Нужно разгадать, как похитили мое пальто, как отправили телефонограмму Морису Кобу… Хватит обманывать самое себя.
Который может быть час? Который теперь час? Я брожу из комнаты в комнату по этому дому, где все в действительности началось, брожу взад и вперед. Порой я откидываю штору на одном из окон и смотрю на звезды, которые сверкают в темноте. Я даже пыталась было их сосчитать. Порой я ложусь на кожаный диван и лежу там, долго лежу в полумраке – свет в комнату пробивается из прихожей, – крепко прижав руками к груди ружье.
Матушка перестала со мной разговаривать. И сама с собой я тоже больше не разговариваю. Только повторяю про себя песенку моего детства: «Светлы мои волосы, темны мои глаза, черна моя душа, холоден ствол моего ружья». Я повторяю ее снова и снова.
Если кто–нибудь придет за мной, я не спеша прицелюсь в полумраке, я буду метить прямо в голову, кто бы это ни был. Короткая вспышка – и все.
Я постараюсь убить его с первого выстрела, чтобы не тратить зря патроны. Последний оставлю для себя. И меня найдут тут, избавившуюся от всего, я буду лежать с открытыми глазами, словно глядя в лицо своей подлинной жизни, лежать в белом костюме, запятнанном кровью, тихая, чистая и красивая – одним словом, такая, какой я всегда мечтала быть. Только раз я захотела на праздники пожить иной жизнью, и вот – все, мне не удалось, потому что мне никогда ничего не удается. Никогда ничего не удается. Мы ехали очень быстро, дорогу он знал как свои пять пальцев. Он явно был встревожен и обескуражен этим разговором с Аваллоном–Два–заката, но в то же время я чувствовала, что он наслаждается тем, что сидит за рулем новой для него машины, и его простодушная детская радость раздражала меня. Он снова надел свою красную клетчатую кепку. Он почти все время вел машину на предельной скорости с легкостью и уверенностью профессионала.

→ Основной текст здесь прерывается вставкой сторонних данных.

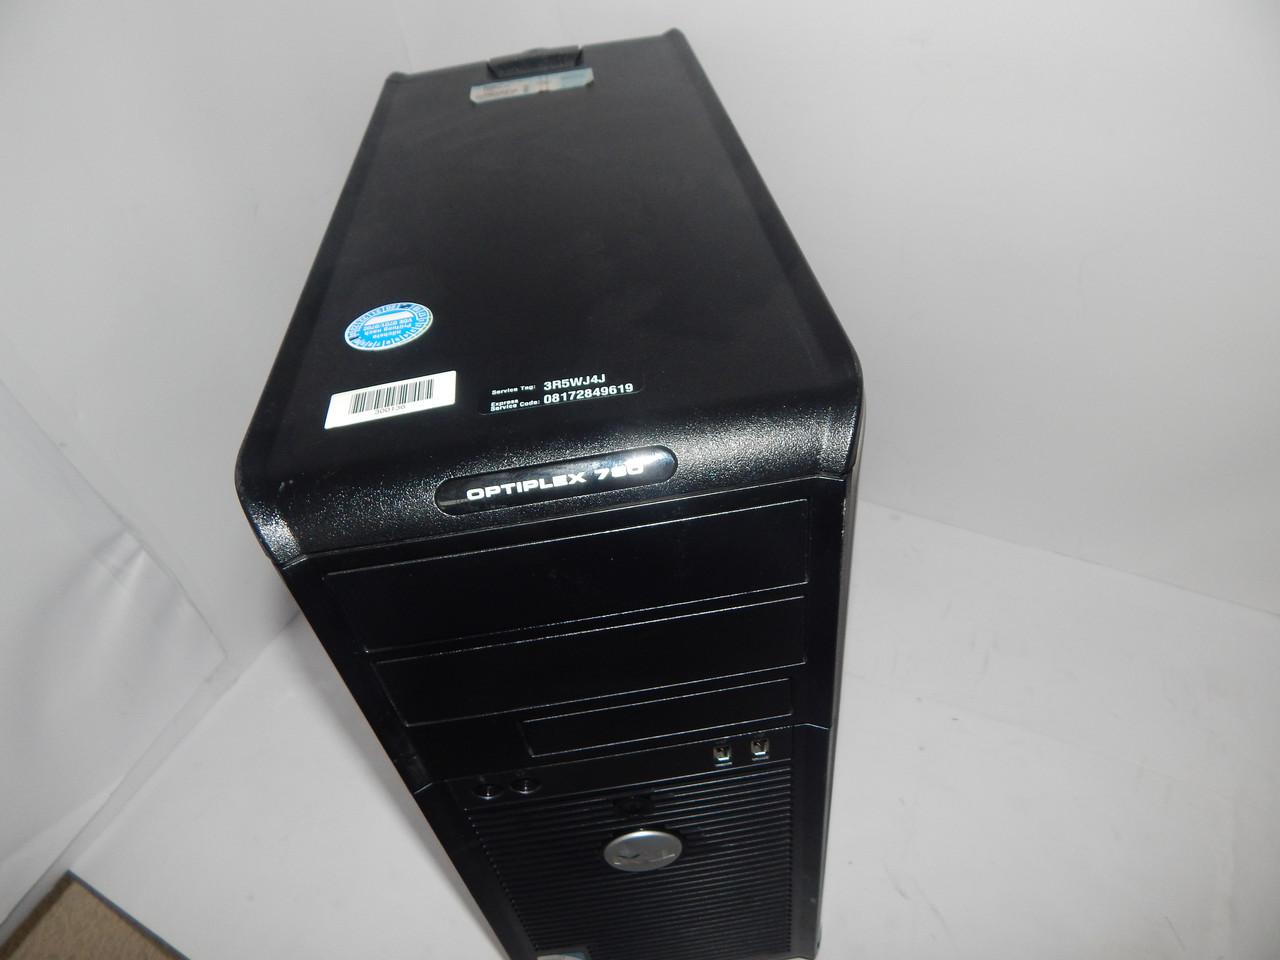 4-х ядерный системный блок компьютер проц Q6600 4ГБ DDR3 HDD 500 GB

Когда мы проезжали через какой–то городок, кажется, через Салон, ему пришлось сбавить скорость, и он, воспользовавшись этим, достал из кармана рубашки сигарету. Он немного разговаривал со мной. Что–то рассказал о своем детстве, о работе, и ни слова – о пальто и всей моей истории.
Наверное, хотел, чтобы я хоть ненадолго забыла о том, что со мной случилось. Оказывается, он не знает, кто его родители, рос в приюте, а когда ему было лет десять, его взяла оттуда крестьянка из деревни в окрестностях Ниццы, и, говоря о ней, он называл ее «моя настоящая мама».
Видно было, что он ее боготворит.
– У нее была ферма неподалеку от Пюже–Тенье. Вы бывали в этих местах?
Ох, и здорово мне там жилось! Здорово, черт побери! Когда мне было восемнадцать лет, умер муж моей мамы, но она все продала, чтобы поставить меня на ноги. Купила мне старенький «рено», и я возил минеральную воду в Валь. Ну, в нашем деле, чтобы хорошо зарабатывать, приходится крутить баранку днем и ночью, а я хоть с виду и балагур, но когда нужно серьезно поработать, то обращаются ко мне. Теперь у меня две машины: «сомюа» и «берлие». На «берлие» возит товар в Германию один мой товарищ по приюту.
Он мне как брат, он за меня даст отрубить себе обе руки, и из него не выжмут ни одного слова, которое могло бы повредить мне. Его зовут Батистен Лавантюр. Ох и парень! Я вам не рассказывал? Мы с ним решили стать миллиардерами. Он считает, так будет легче жить.
И снова стрелка спидометра показывала сто шестьдесят. Ле Гевен замолчал. Немного погодя я спросила его:
– Ле Гевен – бретонская фамилия?
– Что вы! Я родился в департаменте Авейрон. Меня подобрали, как в «Двух сиротках», на церковной паперти. Ну, надо же было дать мне какое–то имя.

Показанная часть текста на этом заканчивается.